La situation paraissait bloquée mardi, après la décision d'une trentaine de délégués de manifestants à Kourou d'occuper le Centre spatial guyanais (CSG), d'où décollent les fusées européennes Ariane.

Les manifestants, dont les revendications sont de nature sociale, économique et sécuritaire, entendent aussi protester contre les propos de Bernard Cazeneuve qui a refusé lundi les exigences financières "irréalistes" de ceux qui, à Paris comme à Cayenne, "réclament des milliards".

Lundi, le Premier ministre avait appelé à "poursuivre le dialogue". Au niveau financier, "je ne m'engagerai que sur ce que je sais pouvoir tenir", avait-il expliqué, douze membres du gouvernement à ses côtés, dont la ministre des Outre-mer, Ericka Bareigts, et le ministre de l'Intérieur, Matthias Fekl, de retour de Guyane.

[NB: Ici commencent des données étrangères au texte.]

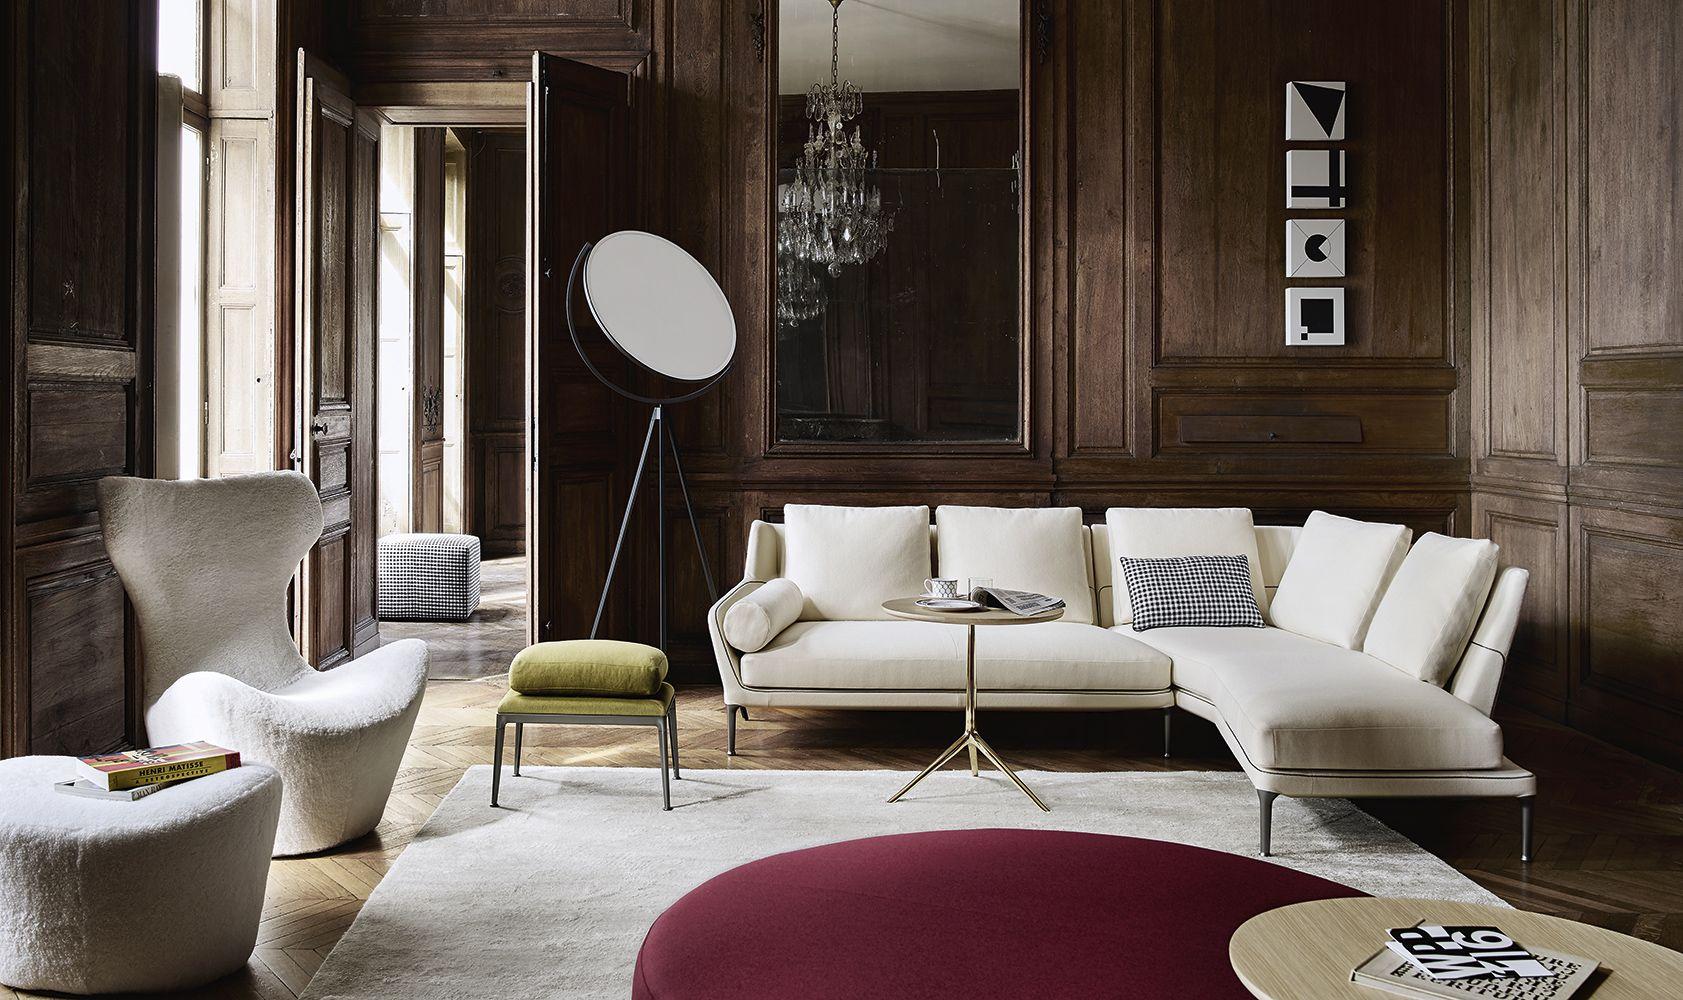 Small table Mirto Indoor B&B Italia - Design de Antonio Citterio ...

M. Cazeneuve s'exprimait au lendemain de l'ultimatum des responsables du mouvement, qui avaient exigé dimanche 2,5 milliards d'euros "tout de suite".

Le mouvement social d'ampleur inédite que connaît ce vaste territoire d'Amérique du sud (83.000 km2), situé à 7.000 km de Paris, reproche à l'Etat d'avoir sous-investi en Guyane depuis des décennies. Le collectif "Pou La Gwiyann dékolé" (Pour que la Guyane décolle) avait aussi demandé samedi "un statut particulier pour la Guyane".